Friday, September 26, 2008

Requiem in Tbilisi

TBILISI, Georgia -- The Tbilisi Opera and Ballet Theater held a charity event last night to raise money for children orphaned or displaced by the war. The event was organized in part by Paata Burchuladze, whose bass voice has filled the major opera houses from Teatro alla Scala in Milan to the New York's Met.

Burchuladze was joined by several fellow opera stars to perform Verdi's Requiem along with the Tbilisi Symphony and Choir before several thousand people.

Few things made by man evoke the range of emotions as does Requiem. And war.

From tumult to enduring sorrow to joy to angelic, the music echoed what Georgians had experienced during the previous month.

During the piece's last movement, Libera Me, the audience raised thousands of lit candles. After the music finished, children who had left their homes in South Ossetia and adjacent areas occupied by the Russians were brought on stage.

Tbilisi has a rich operatic tradition, started, ironically, in 1845 by a Russian general. The city has many great classical musicians, although most are better known in Eastern Europe.

Paata Burchuladze with a child from Gori

The opera and ballet's general director, David Sakvarelidze, wants to make Tbilisi a jewel of the international arts community and in doing so -- he believes -- help save Georgia from being swallowed up by Russia. He wants the state to launch a blitzkrieg of cultural diplomacy.

"We can't defend ourselves against the Russians. What can I do?" he asked rhetorically in a cafe behind the opera house. "I can direct performances."

The West has little reason to care about Georgia, Sakvarelidze said.

The overwhelming majority of Westerners know nothing about Georgia, although some do know it exists thanks to the war. Most politicians know little more than that two pipelines run through the country.

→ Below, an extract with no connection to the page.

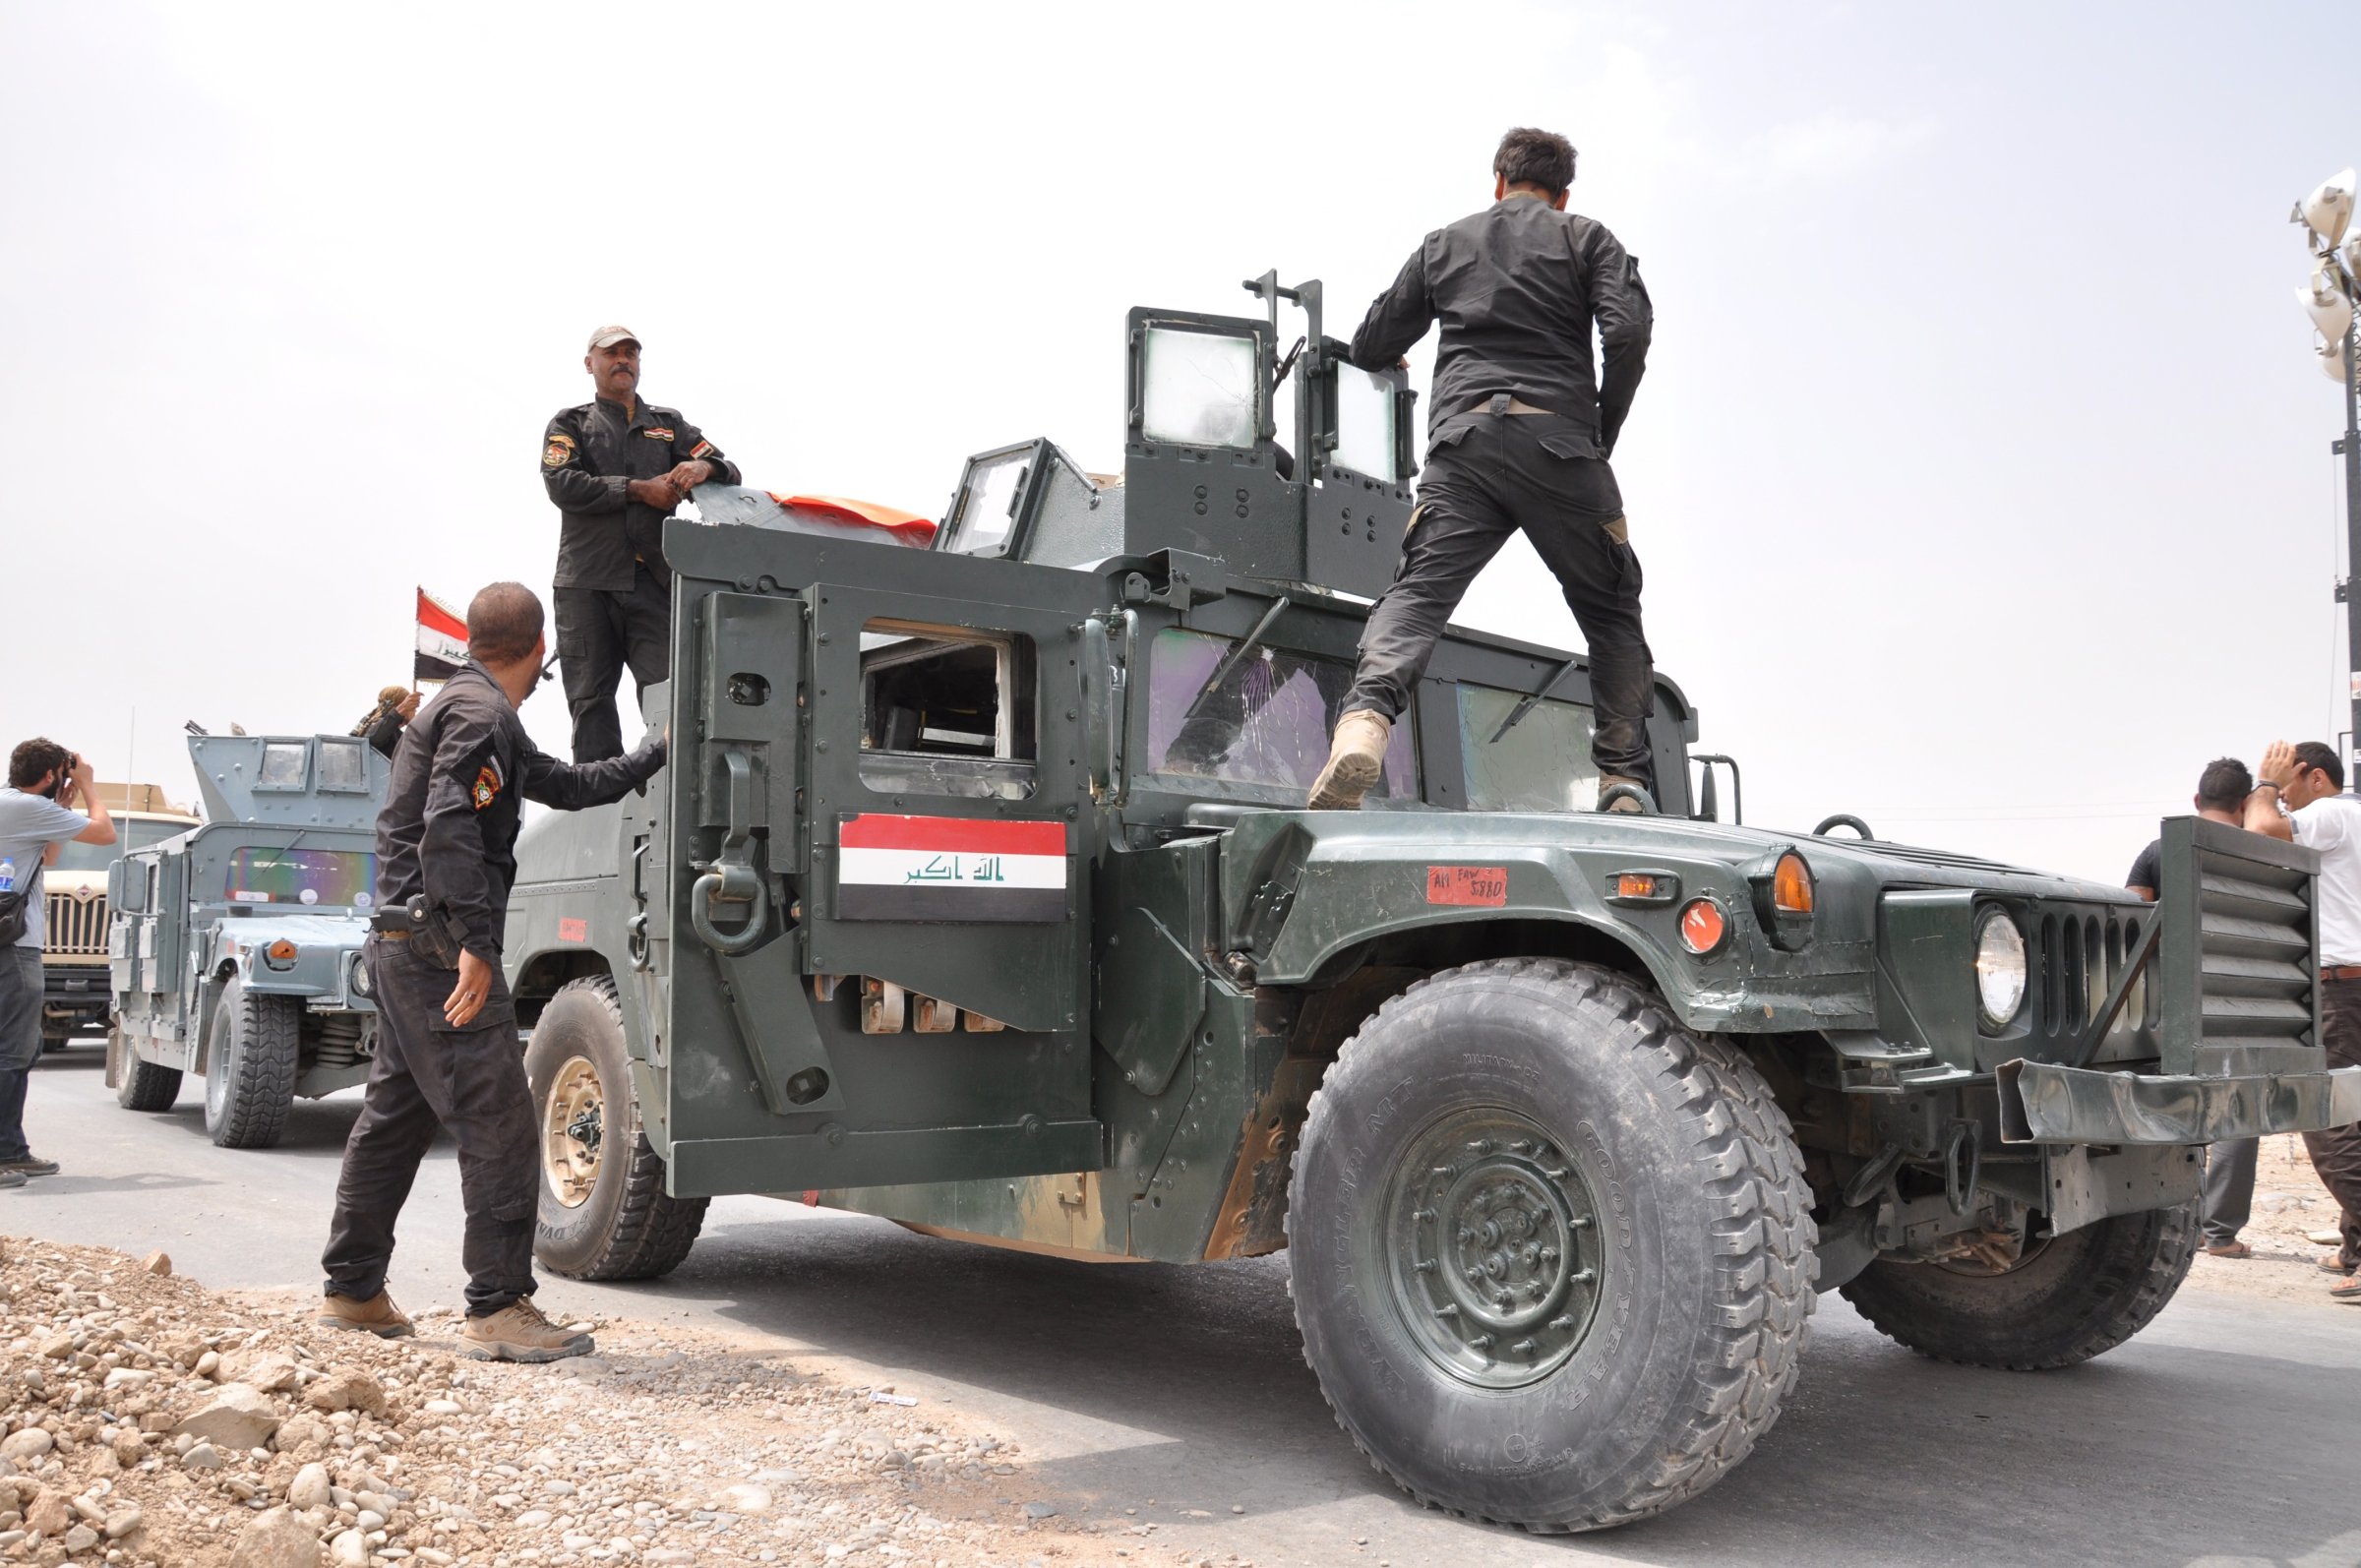 IS-led militants driven from Mosul Dam

Tbilisi's arts community can put Georgia on the map and in the hearts of many Westerners, he explained.

Cultural warfare is not new. During the Cold War, the US spread jazz far and wide. While the Soviet Union could turn out fearsome weapons systems, such as the T-72 tank and multi-megaton ICBMs, the workers paradise never had anything on jazz.

"Art is our weapon," said Sakvarelidze.